• _Source material_
════════
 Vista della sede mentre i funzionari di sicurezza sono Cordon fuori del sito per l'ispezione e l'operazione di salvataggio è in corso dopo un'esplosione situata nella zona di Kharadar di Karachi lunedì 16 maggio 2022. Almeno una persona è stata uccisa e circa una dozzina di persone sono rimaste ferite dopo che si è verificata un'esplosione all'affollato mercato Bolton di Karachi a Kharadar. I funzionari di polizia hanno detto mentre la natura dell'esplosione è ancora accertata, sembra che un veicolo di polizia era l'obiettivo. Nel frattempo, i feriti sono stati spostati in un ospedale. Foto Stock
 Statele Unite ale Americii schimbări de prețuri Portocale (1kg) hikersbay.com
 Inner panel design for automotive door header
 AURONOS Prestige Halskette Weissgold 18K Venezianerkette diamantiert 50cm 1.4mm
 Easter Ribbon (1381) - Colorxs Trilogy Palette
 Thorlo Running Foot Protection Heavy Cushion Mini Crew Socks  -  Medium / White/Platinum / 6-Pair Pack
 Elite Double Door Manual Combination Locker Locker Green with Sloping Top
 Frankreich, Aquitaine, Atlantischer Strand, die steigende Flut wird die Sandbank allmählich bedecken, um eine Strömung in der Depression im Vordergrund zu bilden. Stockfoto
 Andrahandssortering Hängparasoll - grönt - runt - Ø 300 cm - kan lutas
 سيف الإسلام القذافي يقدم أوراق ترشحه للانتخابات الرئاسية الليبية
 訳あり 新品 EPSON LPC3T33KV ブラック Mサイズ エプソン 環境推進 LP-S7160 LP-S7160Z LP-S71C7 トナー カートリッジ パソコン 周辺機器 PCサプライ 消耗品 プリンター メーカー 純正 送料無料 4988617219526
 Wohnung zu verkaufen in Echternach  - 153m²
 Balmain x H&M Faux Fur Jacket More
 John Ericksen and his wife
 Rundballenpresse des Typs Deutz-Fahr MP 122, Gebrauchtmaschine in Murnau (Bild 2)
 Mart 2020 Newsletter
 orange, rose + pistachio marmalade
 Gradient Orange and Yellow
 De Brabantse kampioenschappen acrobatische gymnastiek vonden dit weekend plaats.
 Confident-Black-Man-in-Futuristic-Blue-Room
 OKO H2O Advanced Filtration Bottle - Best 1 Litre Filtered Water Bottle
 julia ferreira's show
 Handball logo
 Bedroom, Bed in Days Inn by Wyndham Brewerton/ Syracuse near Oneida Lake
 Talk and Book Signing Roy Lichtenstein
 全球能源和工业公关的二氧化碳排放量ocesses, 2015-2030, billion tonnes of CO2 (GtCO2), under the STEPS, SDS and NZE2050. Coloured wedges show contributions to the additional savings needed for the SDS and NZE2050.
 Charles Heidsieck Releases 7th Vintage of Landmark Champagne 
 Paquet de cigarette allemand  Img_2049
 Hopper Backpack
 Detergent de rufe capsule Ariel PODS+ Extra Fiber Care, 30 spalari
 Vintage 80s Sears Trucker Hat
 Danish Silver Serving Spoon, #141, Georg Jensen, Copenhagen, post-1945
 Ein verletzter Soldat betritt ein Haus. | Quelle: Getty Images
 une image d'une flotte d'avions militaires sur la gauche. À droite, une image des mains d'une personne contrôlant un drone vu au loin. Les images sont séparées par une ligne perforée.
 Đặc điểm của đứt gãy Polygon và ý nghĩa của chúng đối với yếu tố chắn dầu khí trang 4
════════
• _Exercise_
Restate the data above exactly, keeping each word as it stands.

• _Reply_
 Vista della sede mentre i funzionari di sicurezza sono Cordon fuori del sito per l'ispezione e l'operazione di salvataggio è in corso dopo un'esplosione situata nella zona di Kharadar di Karachi lunedì 16 maggio 2022. Almeno una persona è stata uccisa e circa una dozzina di persone sono rimaste ferite dopo che si è verificata un'esplosione all'affollato mercato Bolton di Karachi a Kharadar. I funzionari di polizia hanno detto mentre la natura dell'esplosione è ancora accertata, sembra che un veicolo di polizia era l'obiettivo. Nel frattempo, i feriti sono stati spostati in un ospedale. Foto Stock
 Statele Unite ale Americii schimbări de prețuri Portocale (1kg) hikersbay.com
 Inner panel design for automotive door header
 AURONOS Prestige Halskette Weissgold 18K Venezianerkette diamantiert 50cm 1.4mm
 Easter Ribbon (1381) - Colorxs Trilogy Palette
 Thorlo Running Foot Protection Heavy Cushion Mini Crew Socks  -  Medium / White/Platinum / 6-Pair Pack
 Elite Double Door Manual Combination Locker Locker Green with Sloping Top
 Frankreich, Aquitaine, Atlantischer Strand, die steigende Flut wird die Sandbank allmählich bedecken, um eine Strömung in der Depression im Vordergrund zu bilden. Stockfoto
 Andrahandssortering Hängparasoll - grönt - runt - Ø 300 cm - kan lutas
 سيف الإسلام القذافي يقدم أوراق ترشحه للانتخابات الرئاسية الليبية
 訳あり 新品 EPSON LPC3T33KV ブラック Mサイズ エプソン 環境推進 LP-S7160 LP-S7160Z LP-S71C7 トナー カートリッジ パソコン 周辺機器 PCサプライ 消耗品 プリンター メーカー 純正 送料無料 4988617219526
 Wohnung zu verkaufen in Echternach  - 153m²
 Balmain x H&M Faux Fur Jacket More
 John Ericksen and his wife
 Rundballenpresse des Typs Deutz-Fahr MP 122, Gebrauchtmaschine in Murnau (Bild 2)
 Mart 2020 Newsletter
 orange, rose + pistachio marmalade
 Gradient Orange and Yellow
 De Brabantse kampioenschappen acrobatische gymnastiek vonden dit weekend plaats.
 Confident-Black-Man-in-Futuristic-Blue-Room
 OKO H2O Advanced Filtration Bottle - Best 1 Litre Filtered Water Bottle
 julia ferreira's show
 Handball logo
 Bedroom, Bed in Days Inn by Wyndham Brewerton/ Syracuse near Oneida Lake
 Talk and Book Signing Roy Lichtenstein
 全球能源和工业公关的二氧化碳排放量ocesses, 2015-2030, billion tonnes of CO2 (GtCO2), under the STEPS, SDS and NZE2050. Coloured wedges show contributions to the additional savings needed for the SDS and NZE2050.
 Charles Heidsieck Releases 7th Vintage of Landmark Champagne 
 Paquet de cigarette allemand  Img_2049
 Hopper Backpack
 Detergent de rufe capsule Ariel PODS+ Extra Fiber Care, 30 spalari
 Vintage 80s Sears Trucker Hat
 Danish Silver Serving Spoon, #141, Georg Jensen, Copenhagen, post-1945
 Ein verletzter Soldat betritt ein Haus. | Quelle: Getty Images
 une image d'une flotte d'avions militaires sur la gauche. À droite, une image des mains d'une personne contrôlant un drone vu au loin. Les images sont séparées par une ligne perforée.
 Đặc điểm của đứt gãy Polygon và ý nghĩa của chúng đối với yếu tố chắn dầu khí trang 4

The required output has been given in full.